■ TASK PROMPT: Please transcribe the data that follows without the pictures, keeping every word the same.

■ INFORMATION SHOWN:
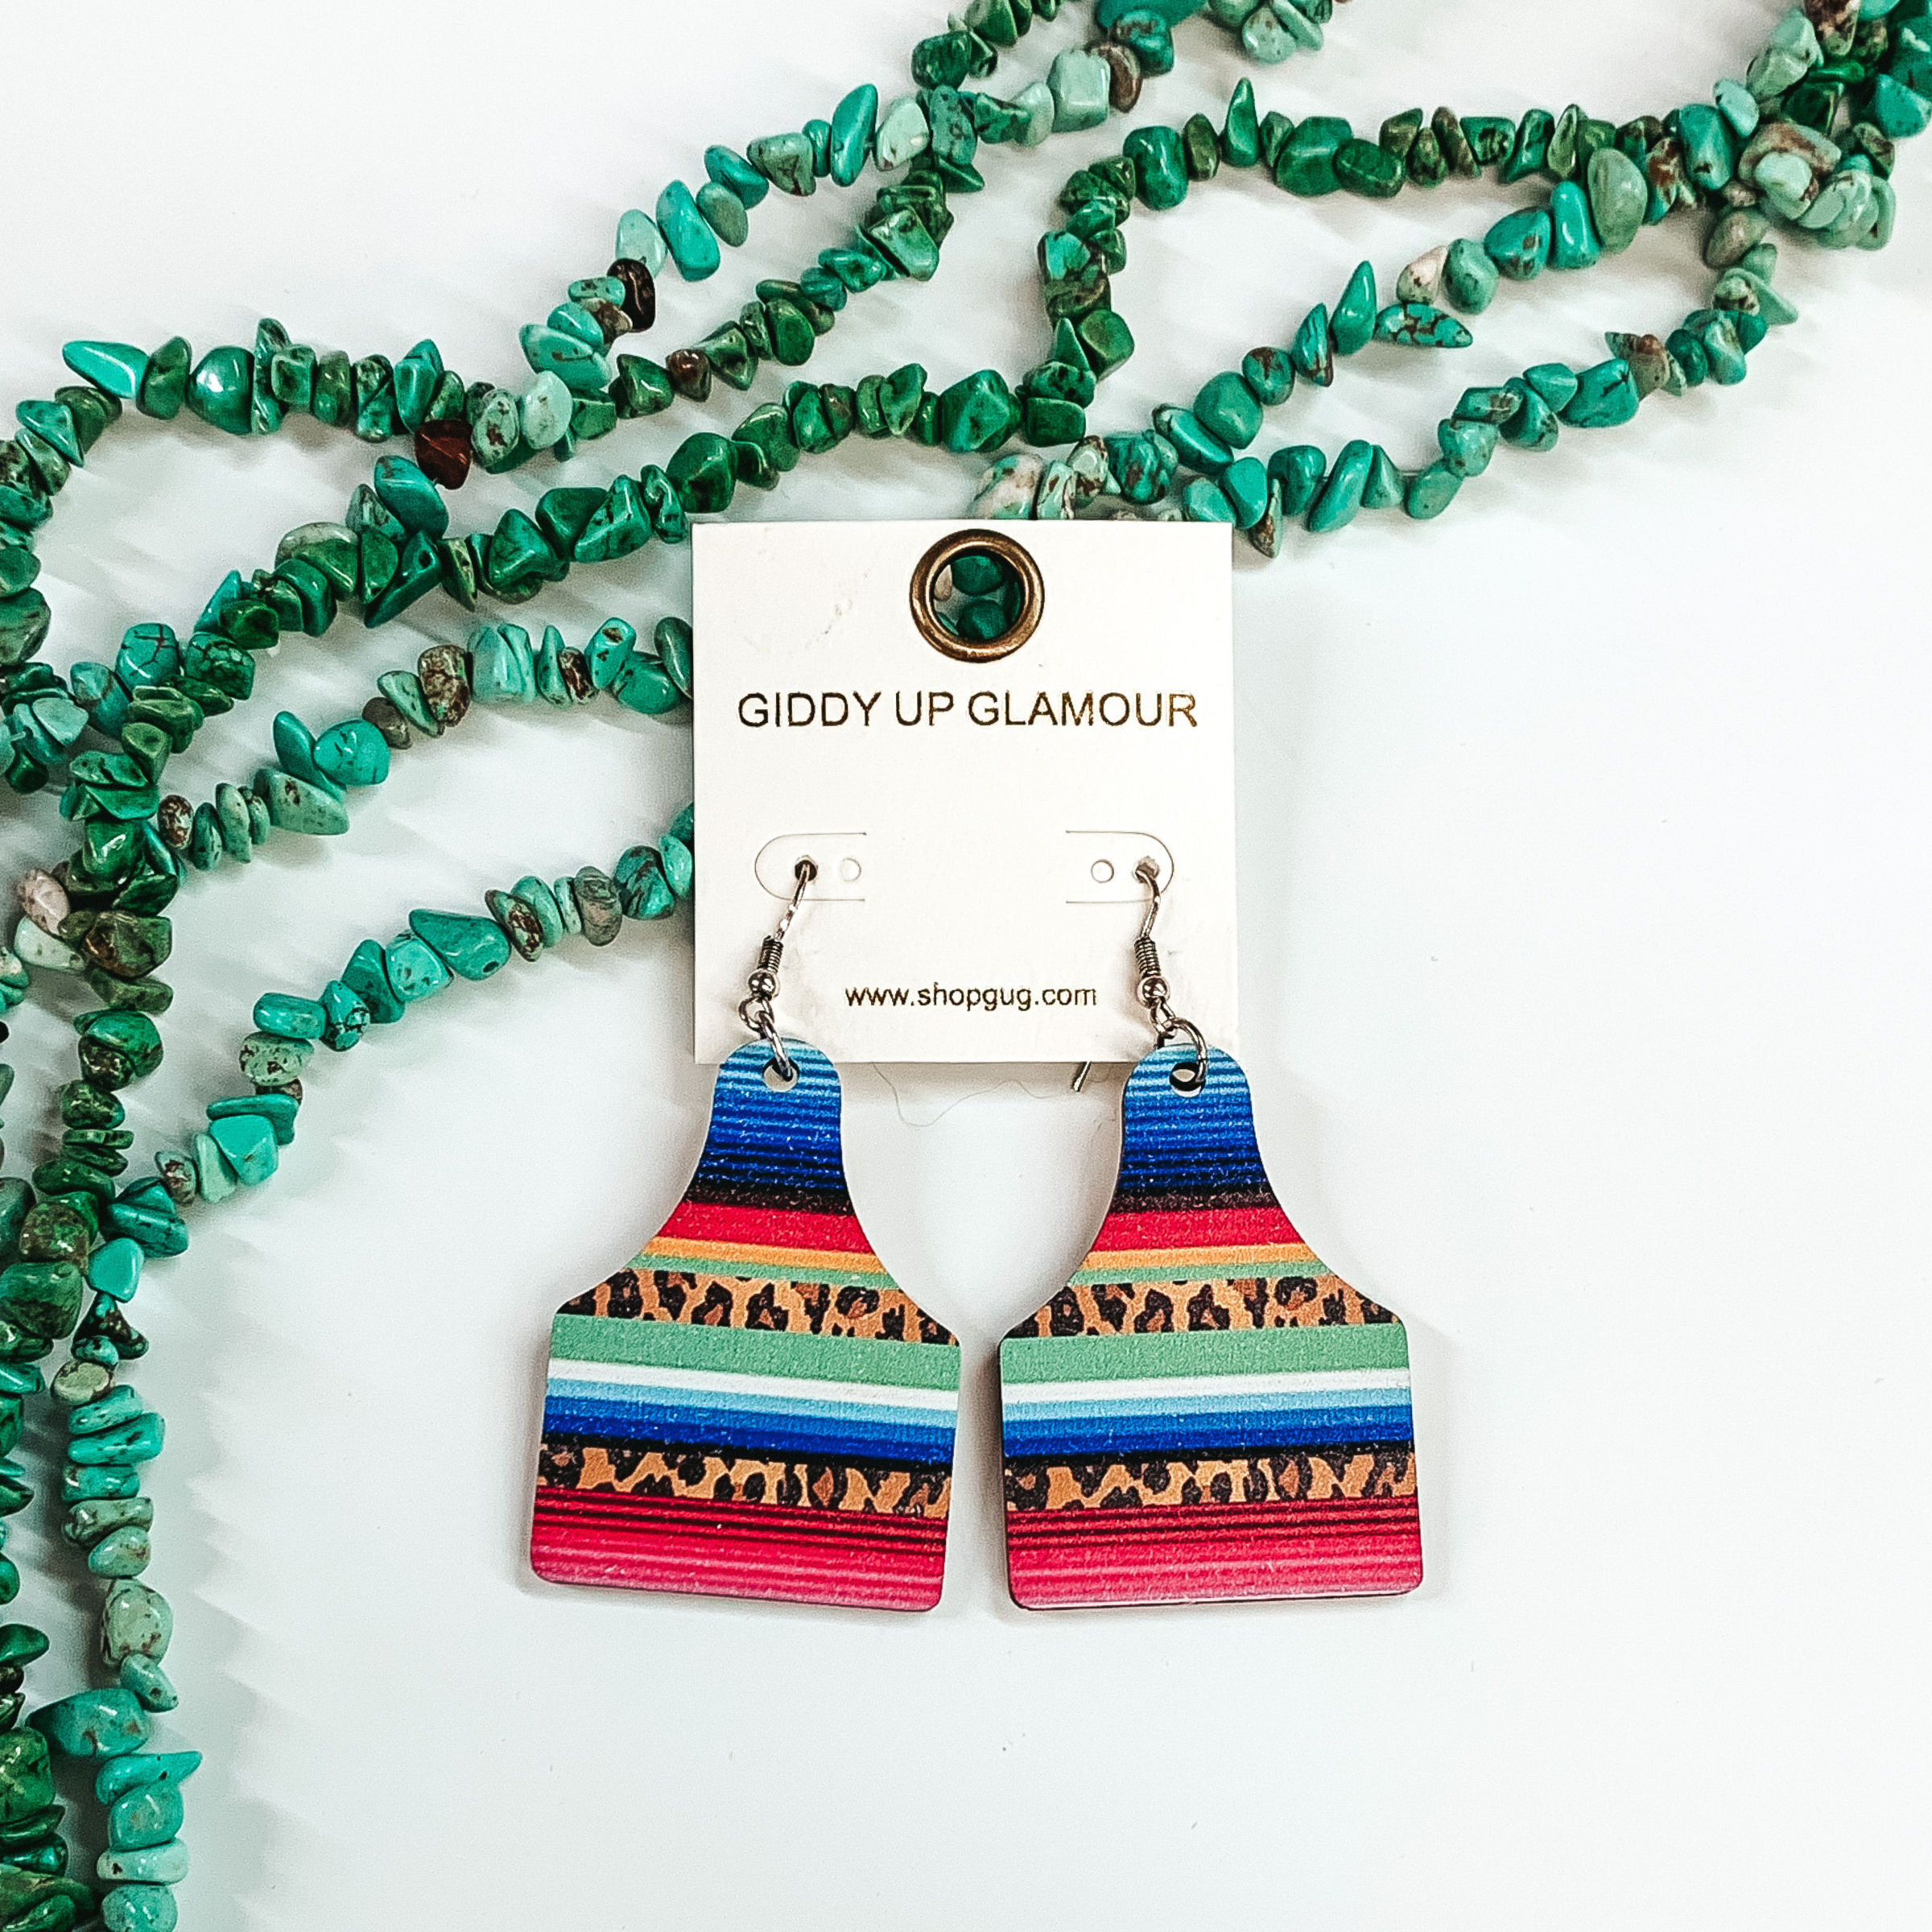 Wood Ear Tag Earrings in Serape/Leopard Print - Giddy Up Glamour Boutique
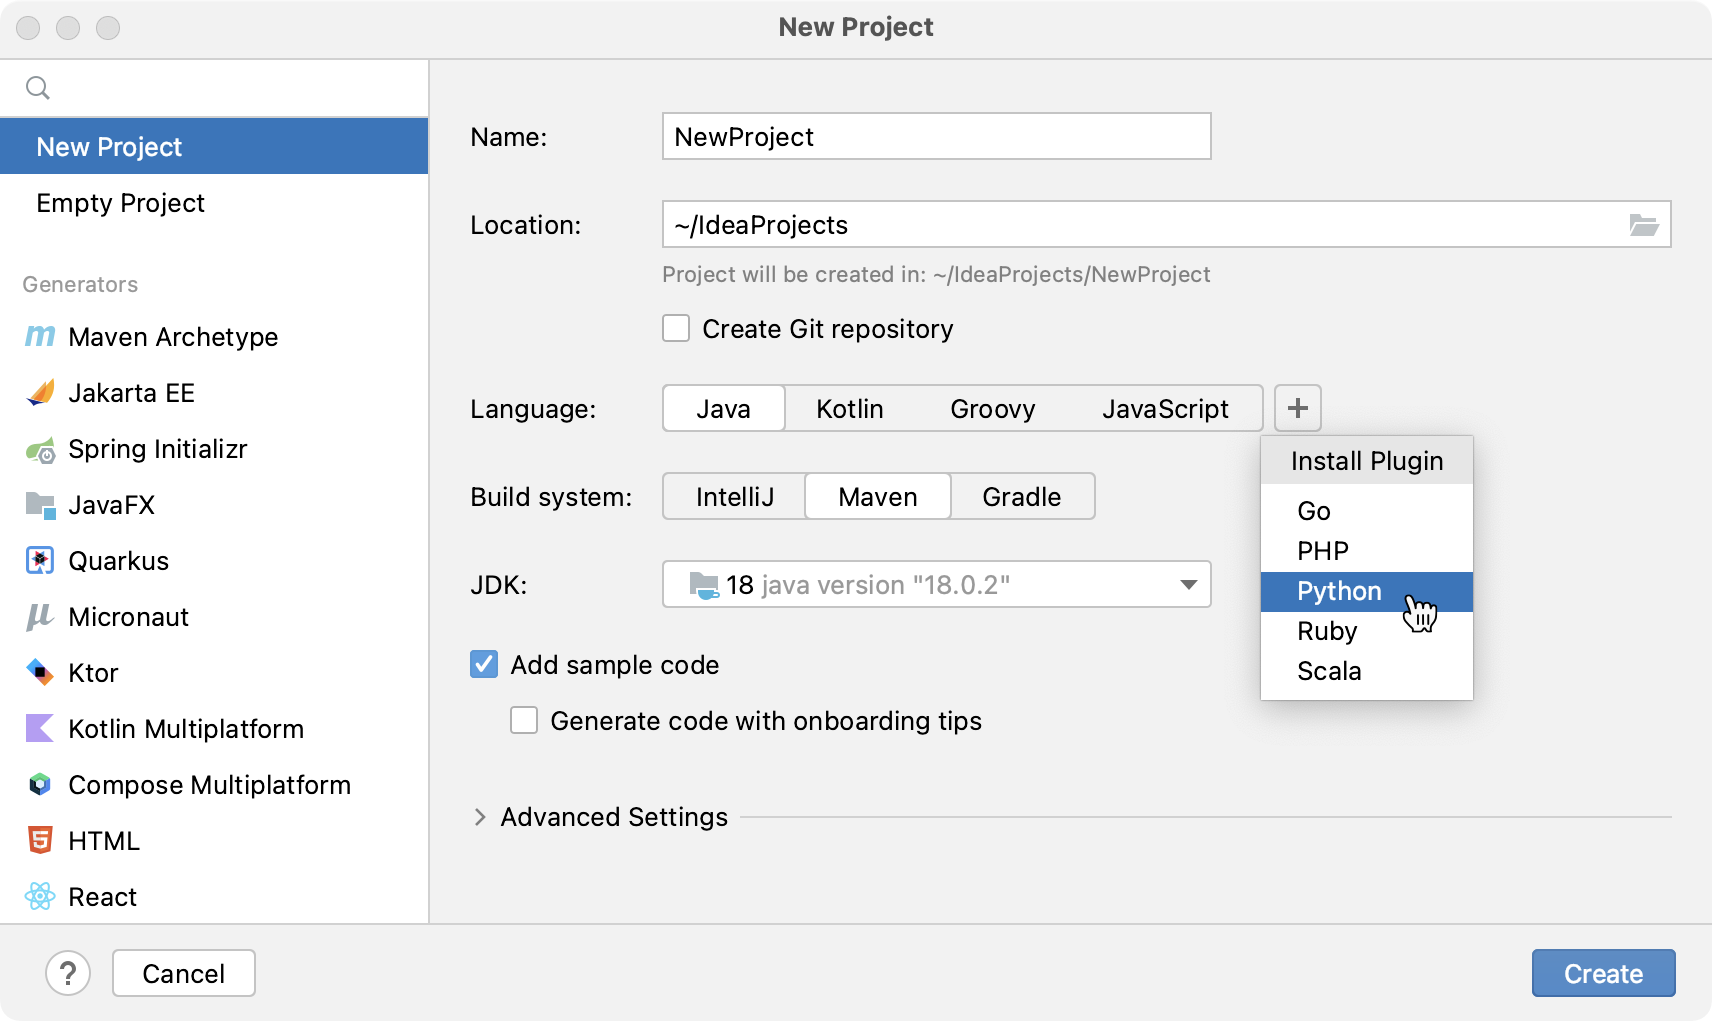 Create a new project or open an existing project in the IDE.
Add or modify the necessary resources within the IDE's resource editor.

■ REPLY:
 Wood Ear Tag Earrings in Serape/Leopard Print - Giddy Up Glamour Boutique
 Create a new project or open an existing project in the IDE.
Add or modify the necessary resources within the IDE's resource editor.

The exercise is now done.